↑の文章を読み終えて

前半は見事としか言いようのない切れ味とスピード感だったけど、後半はずいぶんと乱暴すぎやしないかと思った。これも雑誌の中身を読めば変わるのだろうか。

私たちが自らの生成変化の歴史を捉えるための歌。それは現在、人間を生き延びる感情を生み出し、維持し、共有するための情報技術として志向されうる。この歌はソフトウェアであり、プラットフォームであり、メディアである。これは観念と覚念の狭間で探し出されるものではなく、作り出されるものだ。
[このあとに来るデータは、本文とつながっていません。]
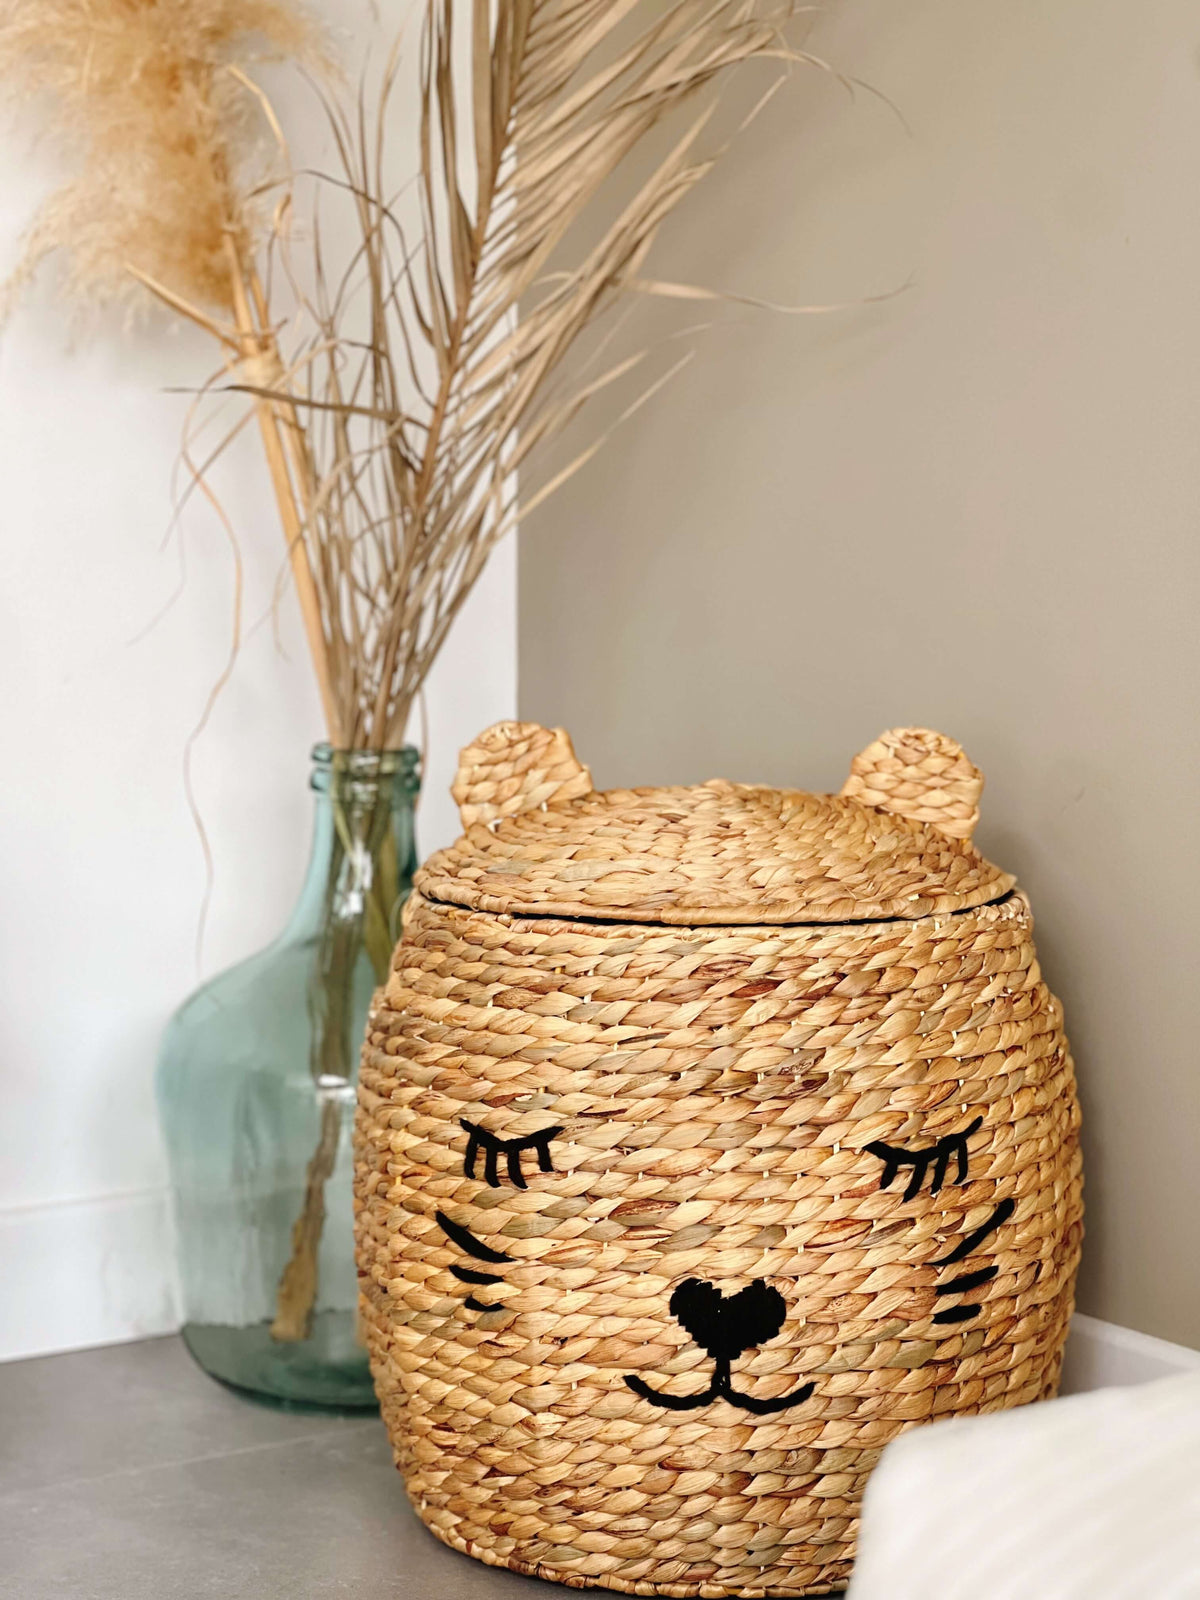 Natural rattan cat basket - Kitty

私たちが上意下達の管理や資本市場の慣性といったマクロな人為に抗いながらいきるための歌は、アルゴリズムによって奏でられる。それは諸個人が自らの構成素のミクロな遷移に気づき、行動にフィードバックを起こし、身体と思考と感覚とがデータと乖離することなくひとつの作動システムを構成することを助ける譜面や楽器としてのアルゴリズムである。この情報系としての感念なくして、諸個人の政治は開始しないことも想起しよう。
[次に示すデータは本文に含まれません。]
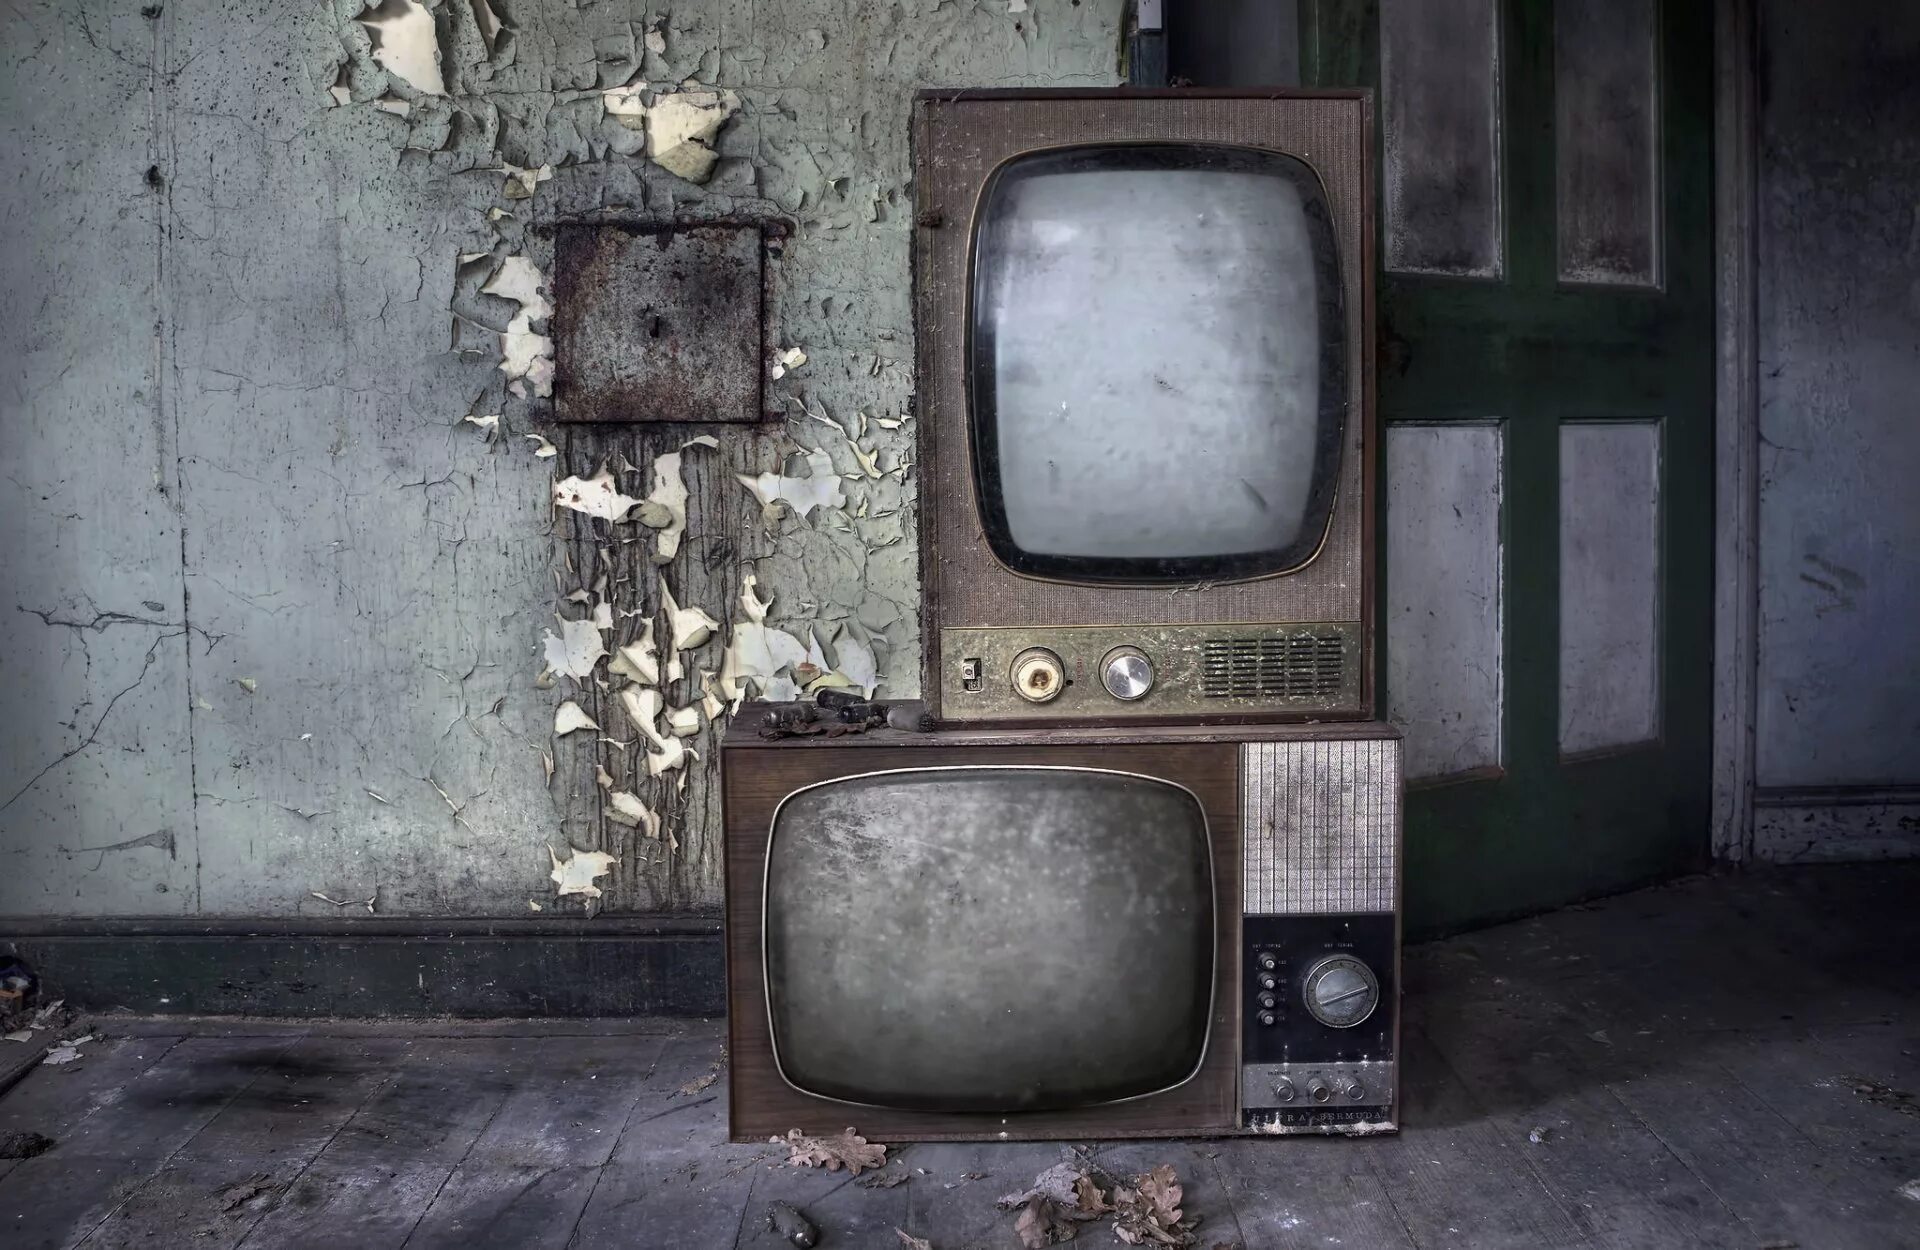 Tv old 2. Старый телевизор. Старинный телевизор. Старый телевизор в интерьере. Старый поломанный телевизор.

「譜面や楽器としてのアルゴリズム」というのがいまいちよくわからない。これがわからないので、「マクロな人為に抗いながらいきるための歌」というものについてチェン氏がどう考えているのかが急にわからなくなってしまう。
私の場合、「身体と思考と感覚とがデータと乖離することなくひとつの作動システムを構成する」ことがずっとどうしても難しく思ってきた。そして「上意下達の管理や資本市場の慣性といったマクロな人為」というのは、私に及ぼしたように、(おそらくチェン氏のいう)アルゴリズムを生成しづらく、そして生成するはしから破壊しようとするものではないのだろうか。それに抗ってひとはいかにしてその「アルゴリズム」を形成しうるのだろうか。